TreeNode* leftChild = node->[1];The left child of a node in a BST is accessed using node->left.
Complete the code to find the minimum node in a BST subtree.
while (current->[1] != nullptr) { current = current->[1]; }
To find the minimum node in a BST subtree, keep moving to the left child until it is null.
Fix the error in the code to find the inorder successor when the node has no right child.
TreeNode* successor = nullptr; TreeNode* ancestor = root; while (ancestor != node) { if (node->val < ancestor->val) { successor = ancestor; ancestor = ancestor->[1]; } else { ancestor = ancestor->right; } }
When the node has no right child, move up the tree via ancestors. If node's value is less than ancestor's, go left.
Fill both blanks to complete the function that finds the inorder successor in a BST.

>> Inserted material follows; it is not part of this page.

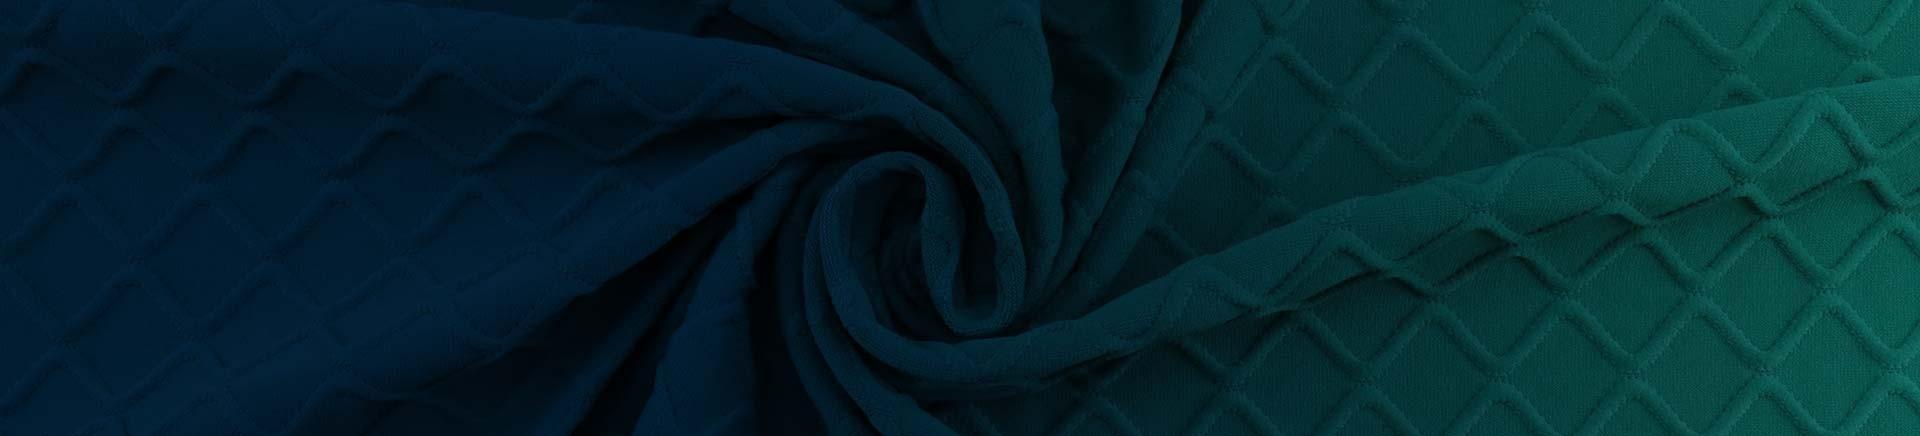 Modaljersey | JAVRO Stoffmarkt

if (node->right != nullptr) { TreeNode* temp = node->right; while (temp->[1] != nullptr) { temp = temp->[2]; } return temp; }
The inorder successor in the right subtree is the leftmost node. So keep moving left.
Fill all three blanks to complete the full inorder successor function in a BST without parent pointers.
TreeNode* inorderSuccessor(TreeNode* root, TreeNode* node) {
if (node->right != nullptr) {
TreeNode* temp = node->right;
while (temp->[1] != nullptr) {
temp = temp->[2];
}
return temp;
}
TreeNode* successor = nullptr;
TreeNode* ancestor = root;
while (ancestor != node) {
if (node->val < ancestor->val) {
successor = ancestor;
ancestor = ancestor->[3];
} else {
ancestor = ancestor->right;
}
}
return successor;
}First, find the leftmost node in the right subtree. If no right child, traverse from root to find the lowest ancestor whose left child is also ancestor of node.